Managing Current Liabilities

A current liability is an obligation that is payable within one year. The collection of liabilities comprising current liabilities is closely watched, a business must have enough liquidity to guarantee that they can be paid off when due. In accounting area, current liabilities are often understood as all liabilities of the business that are to be settled in cash within the financial year or the operating cycle of a given firm, whichever period is longer.

In exceptional cases where the operating cycle of a business is longer than one year, a current liability is described as being payable within the term of the operating cycle. The operating cycle is the time period required for a business to acquire inventory, sell it, and convert the sale into cash. In most cases, the one-year rule will apply.

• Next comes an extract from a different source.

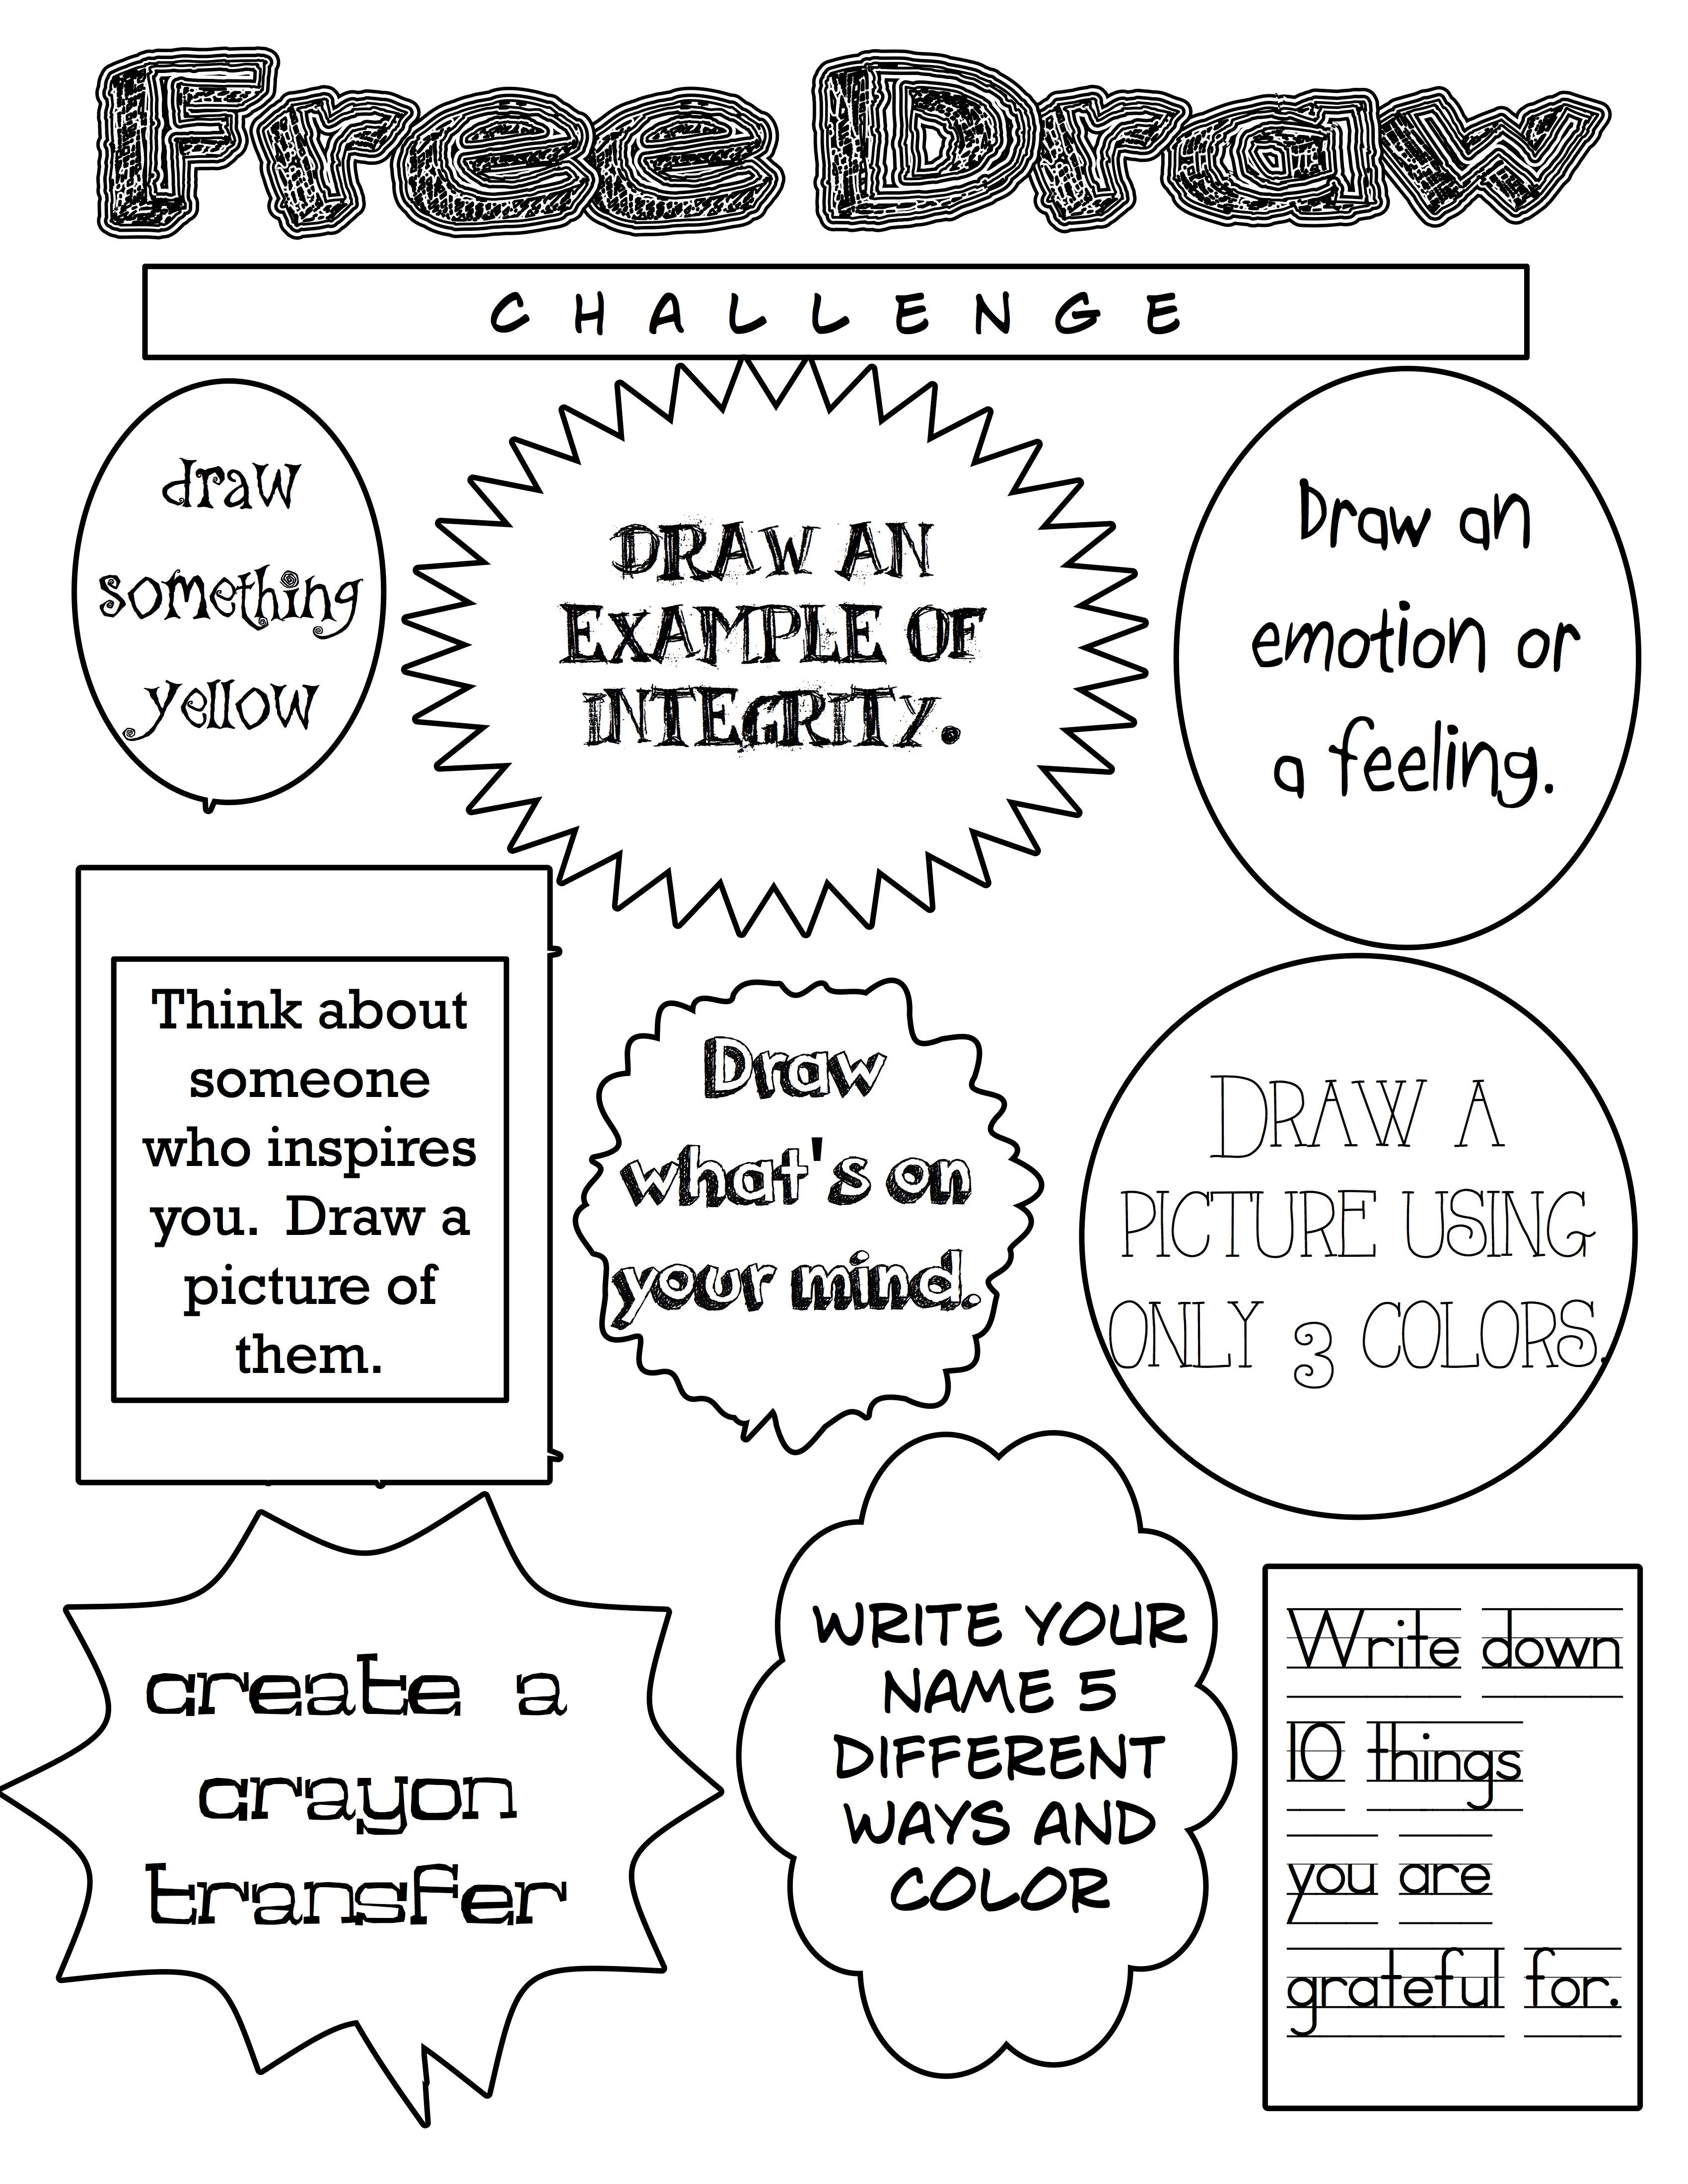 April Free Draw Challenge

Since current liabilities are normally paid by liquidating current assets, the presence of a large amount of current liabilities calls attention to the size and prospective liquidity of the offsetting amount of current assets listed on a company’s balance sheet. Current liabilities may also be settled through their replacement with other liabilities, such as with short-term debt.

The combined amount of current liabilities is major component of several measures of the short-term liquidity of a business. That include:

  • Current ratio. This is current assets divided by current liabilities.
  • Quick ratio. This is current assets minus inventory, divided by current liabilities.
  • Cash ratio. This is cash and cash equivalents, divided by current liabilities.

Common examples of Current Liabilities

Accounts payable: These are the trade payables due to suppliers, usually as evidenced by supplier invoices.
Sales taxes payable: This is the obligation of a business to remit sales taxes to the government that it charged to customers on behalf of the government.
Payroll taxes payable: This is taxes withheld from employee pay, or matching taxes, or additional taxes related to employee compensation.
Income taxes payable: This is income taxes owed to the government but not yet paid.
Interest payable: This is interest owed to lenders but not yet paid.
Bank account overdrafts: These are short-term advances made by the bank to offset any account overdrafts caused by issuing checks in excess of available funding.
Accrued expenses: These are expenses not yet payable to a third party, but already incurred, such as wages payable.
Customer deposits: These are payments made by customers in advance of the completion of their orders for goods or services.
Dividends declared: These are dividends declared by the board of directors, but not yet paid to shareholders.
Short-term loans: This is loans that are due on demand or within the next 12 months.
Current maturities of long-term debt: This is that portion of long-term debt that is due within the next 12 months.
To summarise, financial experts defined current liabilities as “obligations whose liquidation is reasonably expected to require the use of existing resources properly categorized as current assets or the certain of current liabilities.”